= Elliot Manyika =

Zimbabwean politician (1955–2008)

Elliot Tapfumaneyi Manyika (30 July 1955 – 6 December 2008) was a Zimbabwean politician, musician, who served as Minister without Portfolio and the National political Commissar for ZANU-PF.

Born at Rosa Clinic in Chiweshe, Manyika did his primary education at Madombwe and Bare schools. After completing Standard Six at Bare, he attended Kutama College. In 1974, he was arrested for allegedly writing and circulating subversive statements while waiting for his O-level results. He was sentenced to five years in prison, but was released after 18 months under strict conditions. As a result of the incarceration, he could not proceed for Advanced level.

After Zimbabwe gained independence from Great Britain, Manyika sat for examinations, during which time he also obtained diplomas in Accounts and Business from the London Chamber of Commerce and Industry. He later studied for a master's degree in International Policy Studies with the University of Bristol in Britain.

Manyika joined the Zanu-PF Youth League together with the late Minister of Youth, Gender and Employment Creation, Border Gezi, in 1982. He rose through the ranks, becoming the youngest provincial secretary for administration in 1986.
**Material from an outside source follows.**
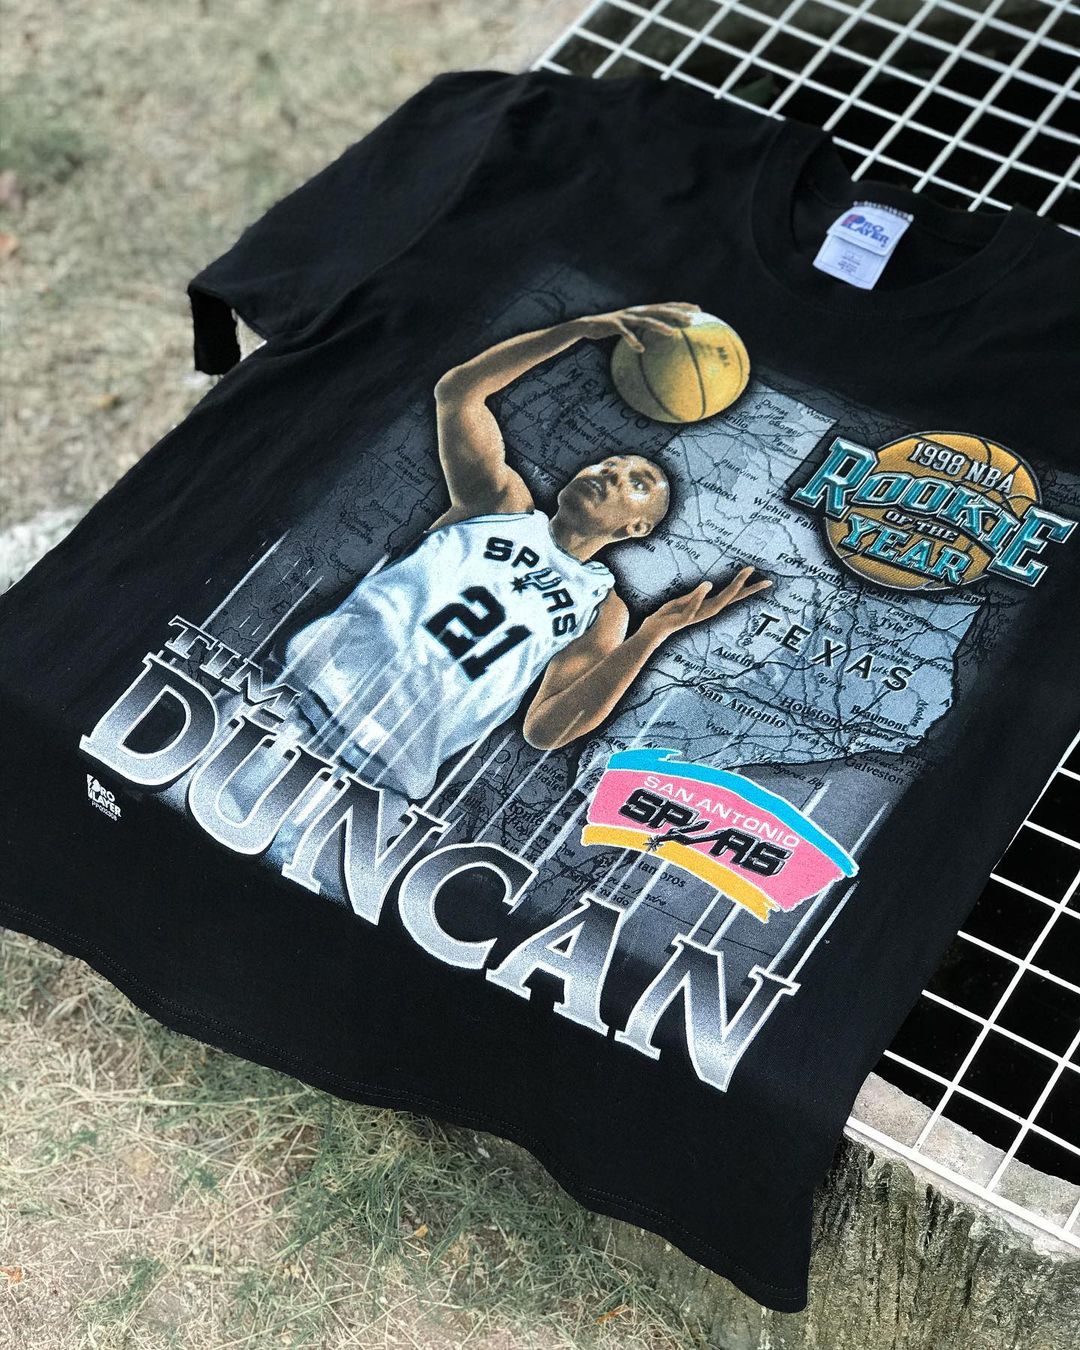 蒂姆邓肯Timothy Duncan篮球运动员复古美式ing风嘻哈宽松短袖T恤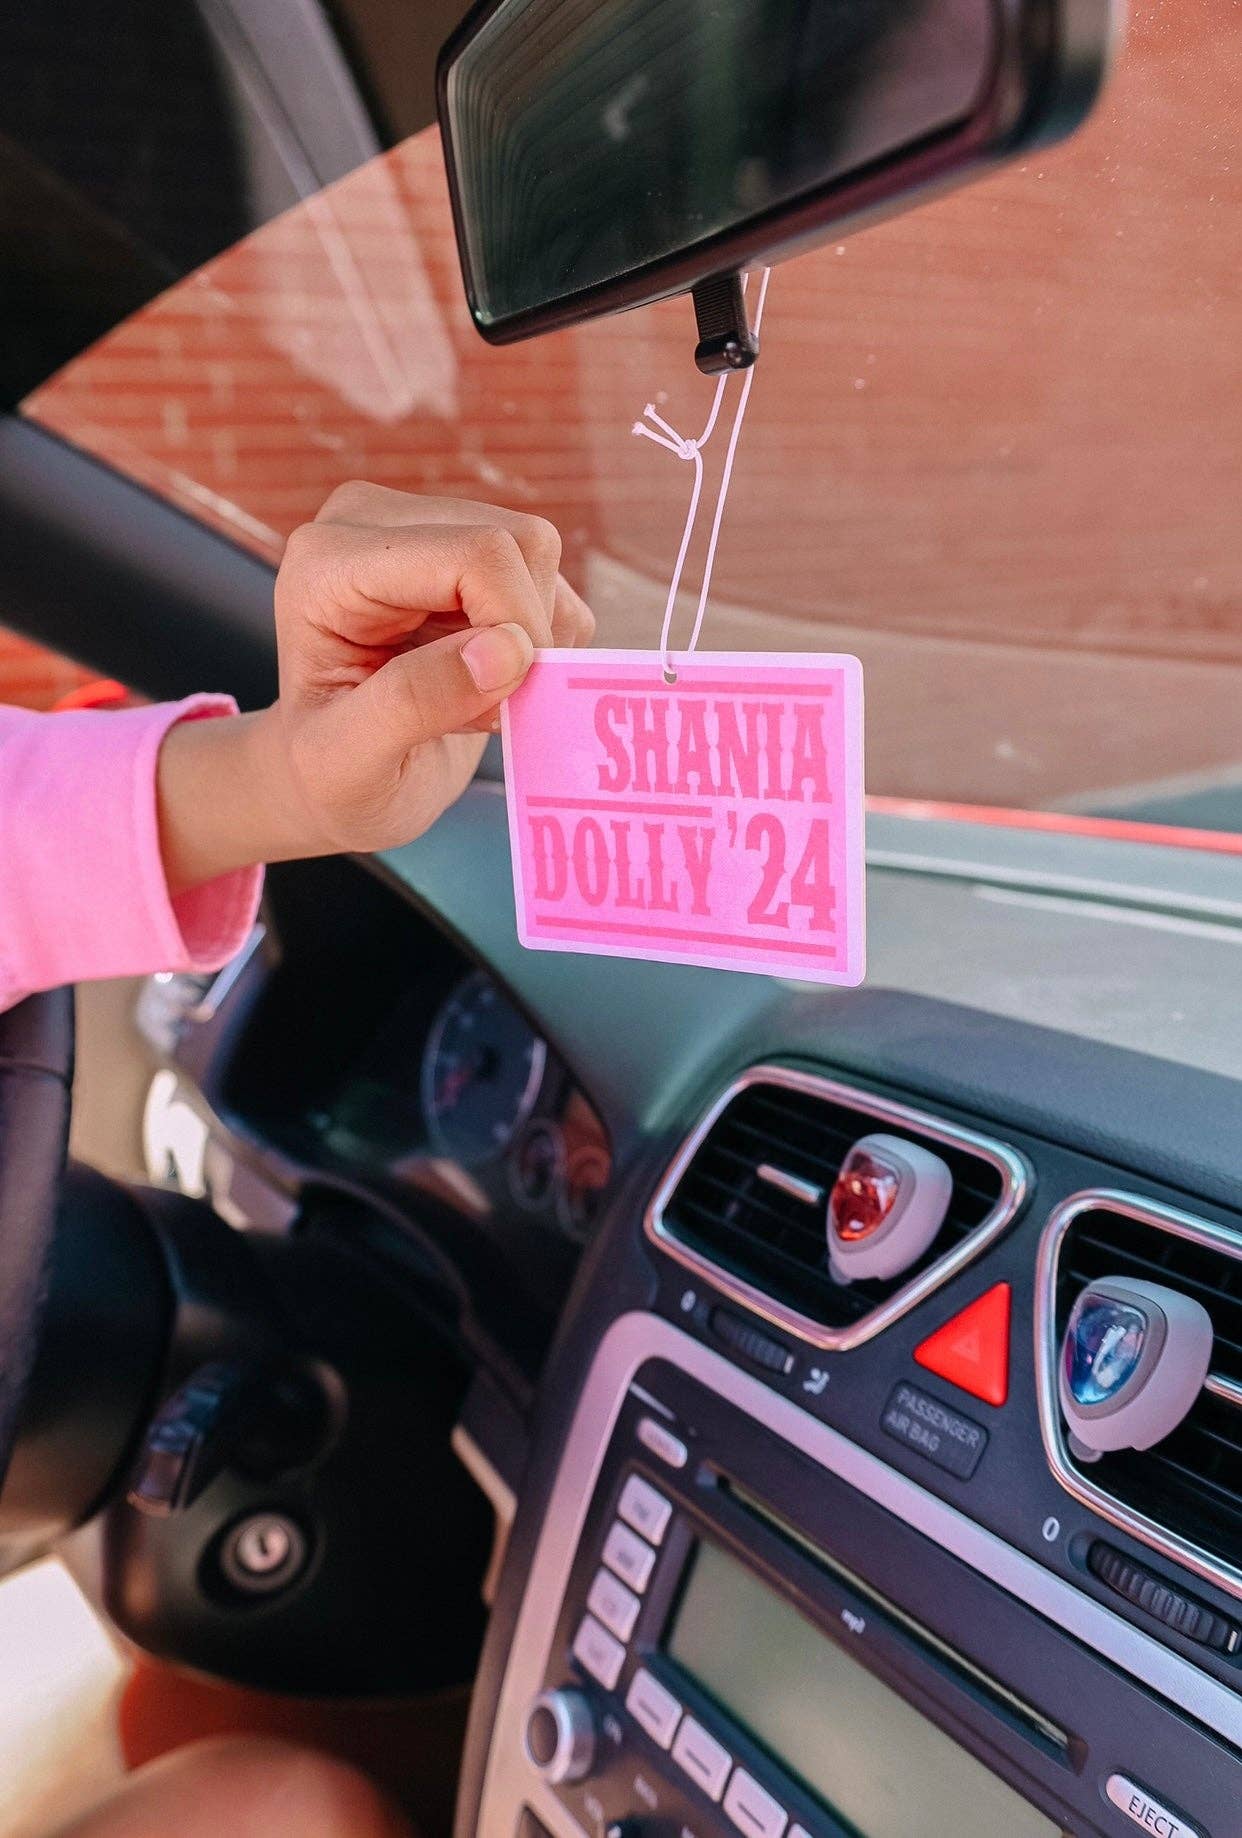 Shania Dolly '24 Air Freshener

He also worked in different capacities in the government, including that of under-secretary in the President's Office. He worked for the then ministries of Local Government and National Housing and Women's Affairs.

He was Minister of Youth Development, Gender and Employment Creation before being appointed as Minister without Portfolio on 9 February 2004.

Manyika died in a road accident on 6 December 2008, aged 53, while he was traveling to Gwanda. Days after the accident, Manyika was declared a national hero by the Politburo. From 2003 until his death, Manyika was placed on the European Union and United States sanctions lists.